The VIX index – the index of implied volatility derived from ‘at-the-money’ options on the S&P 500 Stock Index – is now 15.64%. At the beginning of the year, it was 23.4%. That is, the level of volatility that option buyers on S&P 500 Index are willing to pay for. In other words, they do not think that it would be worth paying options premium for a volatility level higher than this. This level is low compared to history. Just to get some perspective, the VIX level reached 80% in October 2008. It is a good ‘rule of thumb’ that investors are too pessimistic when VIX is high and too complacent when it is low. It is very low now. It was only slightly lower than this in 2007. For this blogger, investors’ attitude towards risk is intriguing.

Only one explanation appears plausible to me: since policymakers have made sure that interest rates pay no compensation for risk, investors have concluded that there is no risk.

The top ten stock markets this year are, as of yesterday (12th March), Egypt, Venezuela, Colombia, Greece, India, Peru, Vietnam, Dubai, Turkey Russia (not necessarily in that order). Looking at this ranking today (March 13th) shows Hungary instead of Peru. The point remains unchanged, however.

You can draw your own conclusions as to whether this is a rational, considered investment stance. There are no right or wrong answers. Only profitable or loss-making answers and that too is known only with hindsight at the end of relevant horizons. These horizons vary for investors. In my book, investors’ preferences that have given rise to this performance ranking this year are myopic.

In my article in MINT published today, on the US payroll report, I have stressed the role that mild weather has played in the last three months in the US:

The average contiguous US temperature for December was 35.0 degrees Fahrenheit (F), or 1.7 degrees F above the 1901-2000 long-term average.

The average contiguous US temperature in January was 36.3 degrees F, 5.5 degrees F above the 1901-2000 long-term average—the fourth warmest January on record, and the warmest since 2006.

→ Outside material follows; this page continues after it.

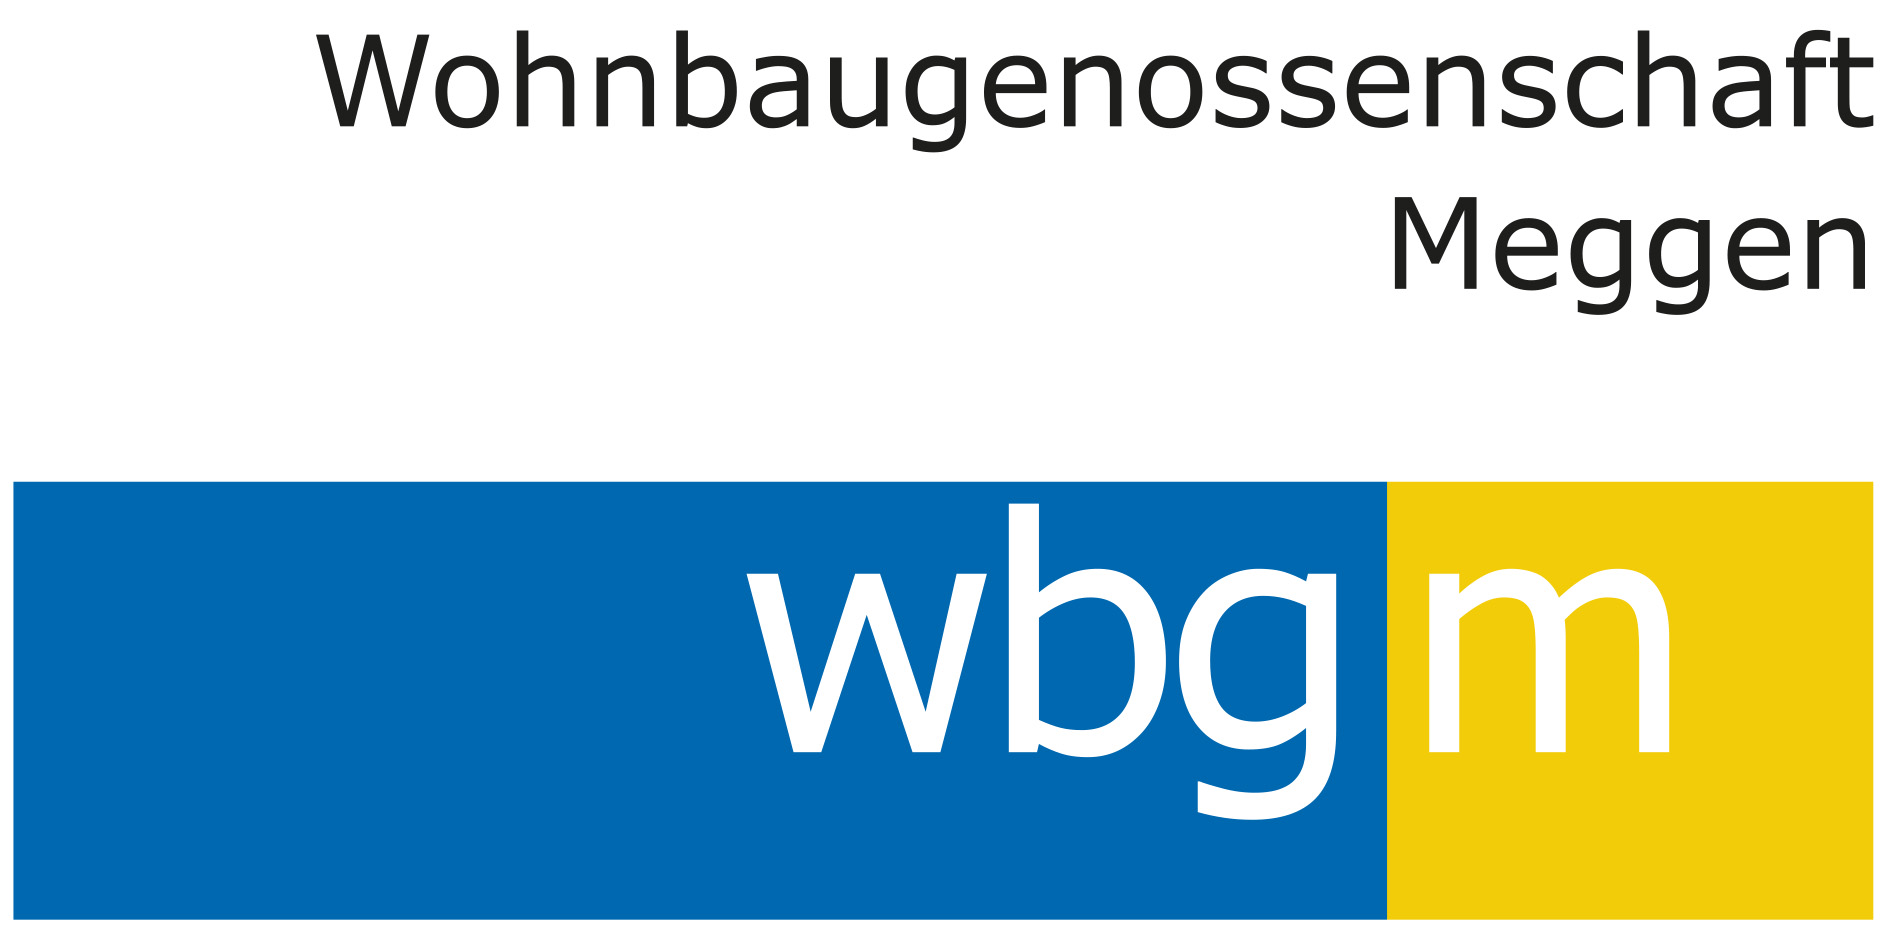 Logo - Wohnbaugenossenschaft Meggen wbgm

The average temperature in February 2012 was 38.2 degrees F. This was 3.6 degrees F warmer than the 1901-2000 (20th century) average, the 17th warmest February in 118 years. (Source: National Climate Data Center of the US department of commerce.)

Henry Blodget wants ECRI to issue a three-word report: ‘We were wrong’. The more people get audacious about dismissing calls for a recession, the more encouraged the pessimists on the US economy should be. The US economy is adding a good number of jobs in temporary jobs placement services and in ambulatory services under Healthcare. Real Personal Income and Spending growth rates are declining. So are orders and shipments for non-defense capital goods excluding aircraft. The behavior of retail investors in the 1990s and post-2008 is so  startlingly different that it is almost as though they and market commentators inhabit different worlds.

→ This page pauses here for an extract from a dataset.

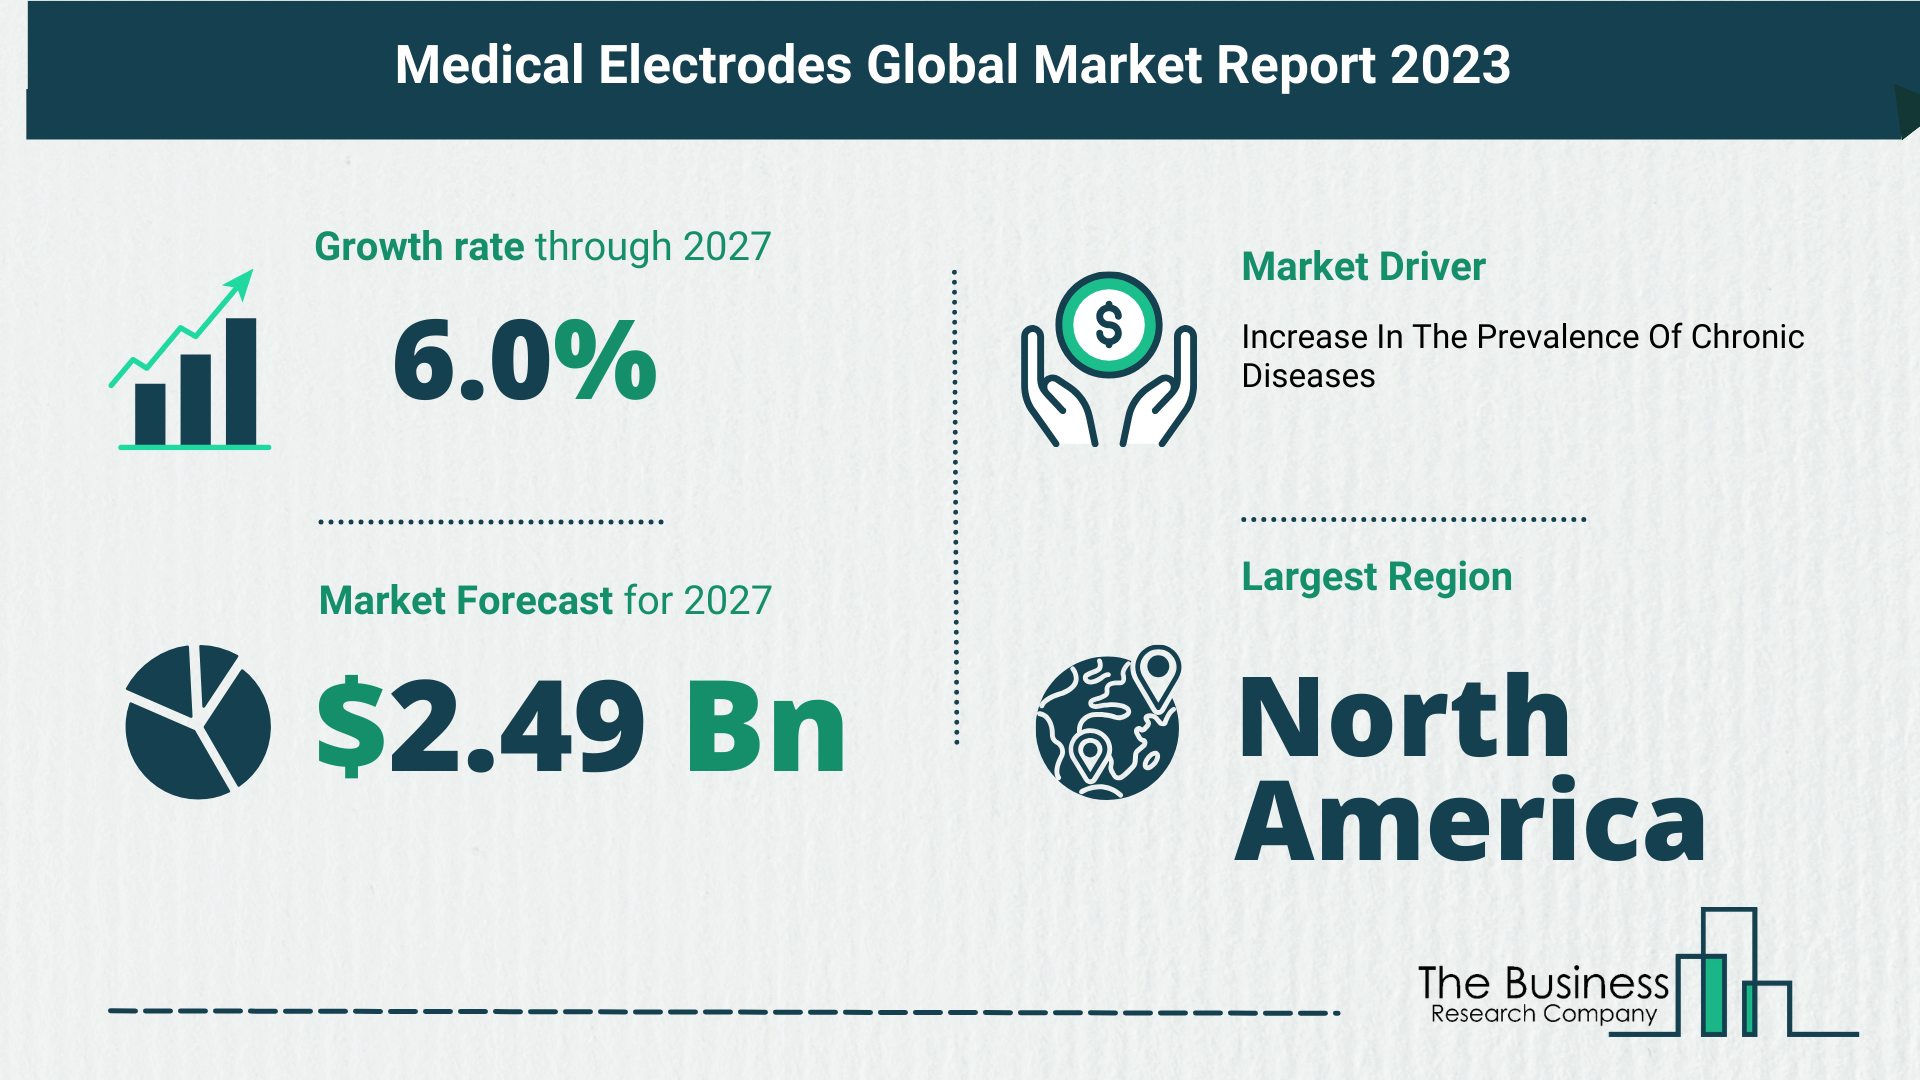 Global Medical Electrodes Market

Complacency is back and well. Or, we live in a truly Orwellian world of capital market in America. Or, as always, it is a bit of both.

Humans do not learn from mistakes, yet the consistent and unfailingly repetitive demonstration of this trait still does not fail to impress this blogger.

This post originally appeared at The Gold Standard and is posted with permission.

One Response to "Rational Markets"

  1. sierra7   March 15, 2012 at 1:15 pm

    I too follow the vix….and am shocked, shocked! That it is so low…….but with no risk with lending outside to the common folk, why not have a stock market vix so low?
    We are definitely in a much different world than in the 1990's…..very much different!